The Planet Savers is a science fantasy novel by American writer Marion Zimmer Bradley, part of her Darkover series. It was first published in book form in English by Ace Books in 1962, dos-à-dos with Bradley's novel The Sword of Aldones. The story first appeared in the November 1958 issue of the magazine Amazing Stories. It subsequently appeared in a German translation in 1960 with additional chapters added that were not by the author.

The Planet Savers takes place at least 152 years after the events described in Rediscovery.

Plot summary
Desperate to discover a cure for the cyclical 48-year-fever, known as Trailmen’s fever, Dr. Randall Forth persuades a colleague, Dr. Jay Allison, to undergo hypnosis. He calls forth a secondary personality, Jason Allison, who is gregarious and an experienced mountain climber, while Dr. Jay Allison is a cold, clinical man with no outdoor skills.

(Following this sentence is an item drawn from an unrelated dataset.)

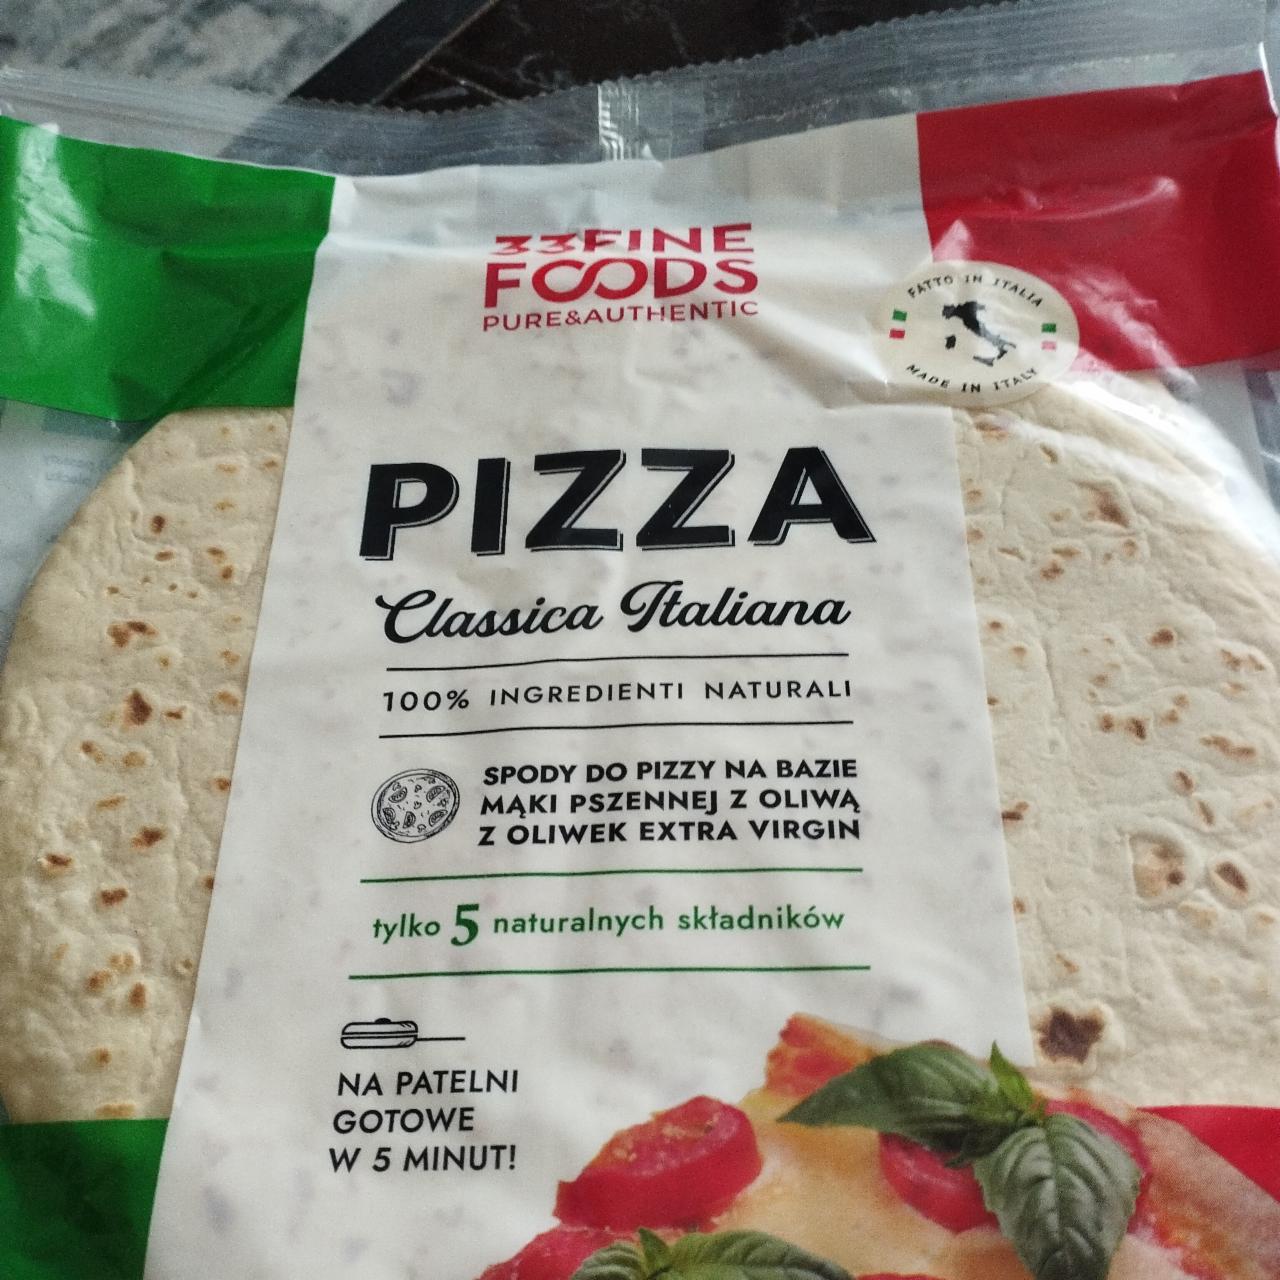 Zdjęcia - pizza classica italiano spody do pizzy 33 Fine Foods
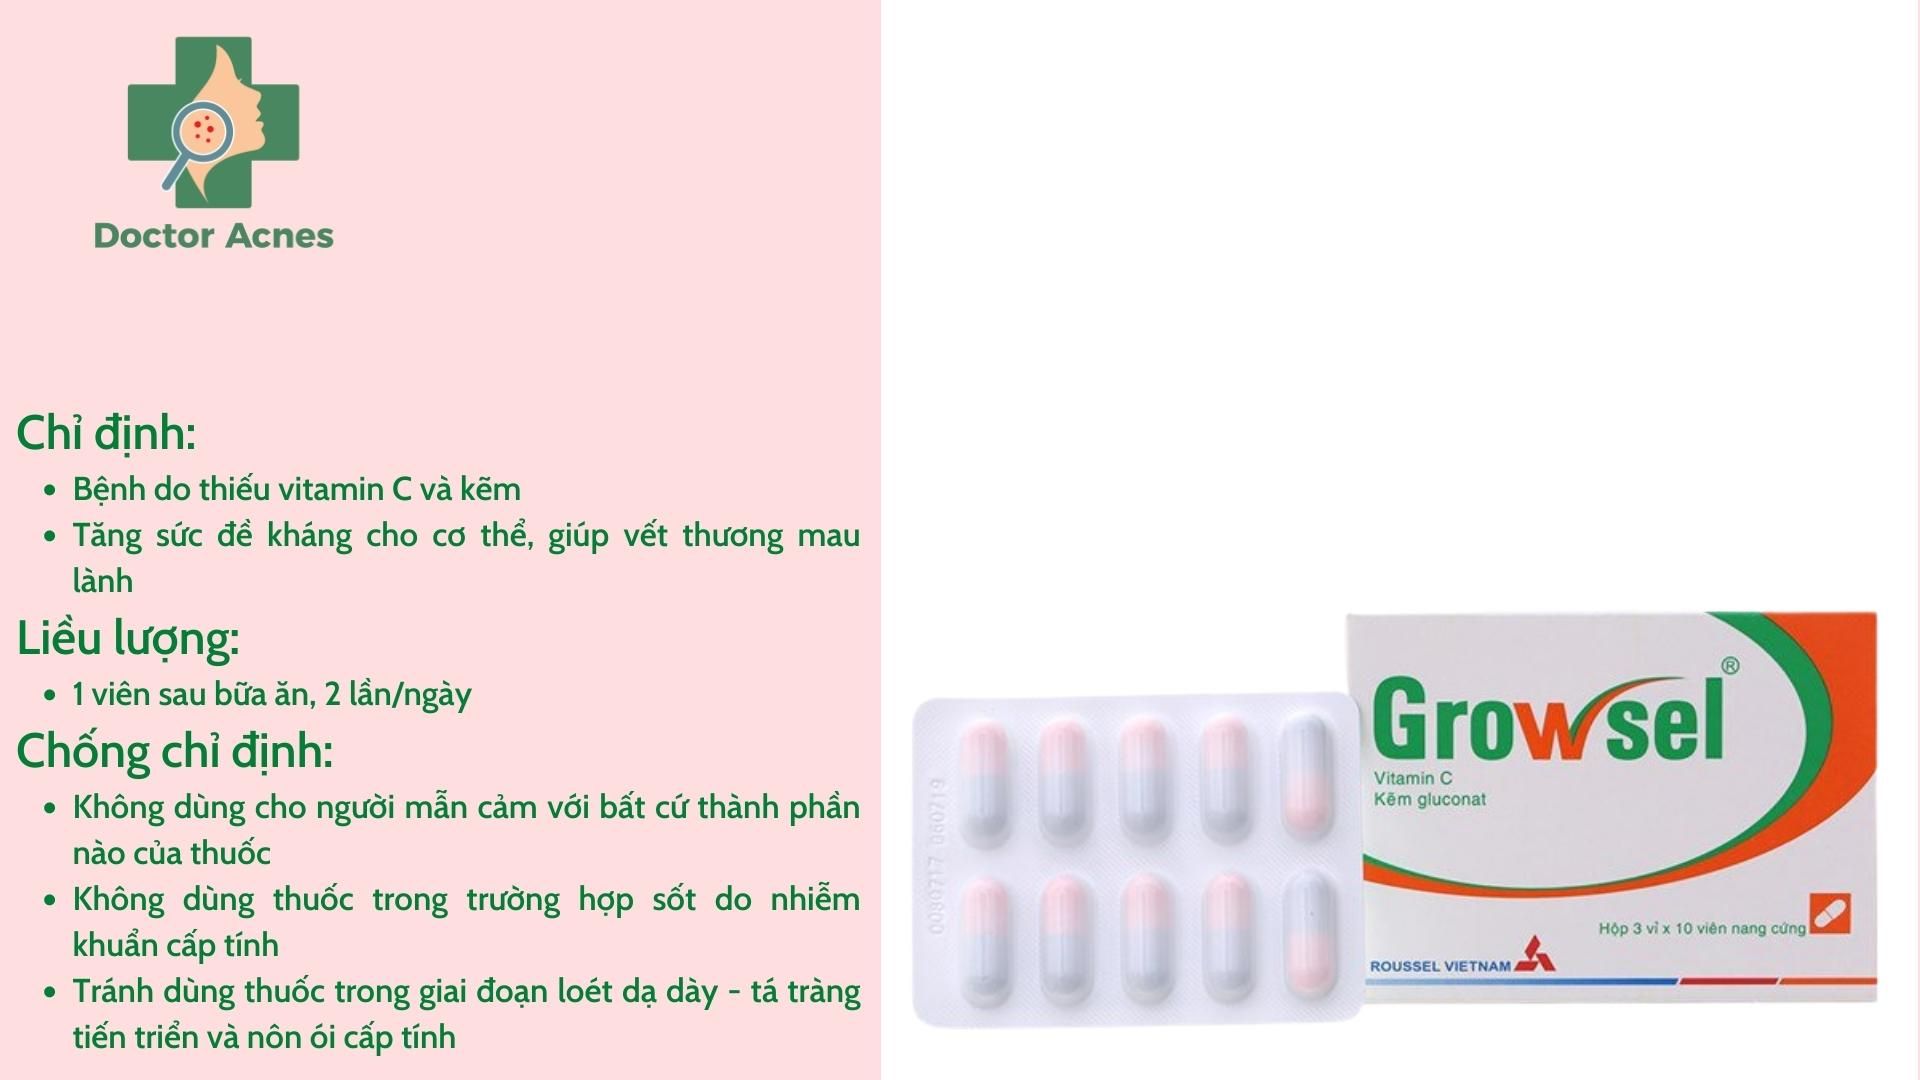 Thuốc uống hỗ trợ trị mụn Growsel (thuốc không kê đơn) - Doctor Acnes

Jason is asked to lead an expedition into the Hellers to collect medical volunteers from among the Trailmen. Accompanying him are Rafe Scott, Regis Hastur, Kyla Raineach, a Renunciate guide, and several others. During the trip, Jay/Jason yo-yos between his two personalities – one warm and charming, the other distant and clinical. Jason, the warm personality, falls in love with Kyla.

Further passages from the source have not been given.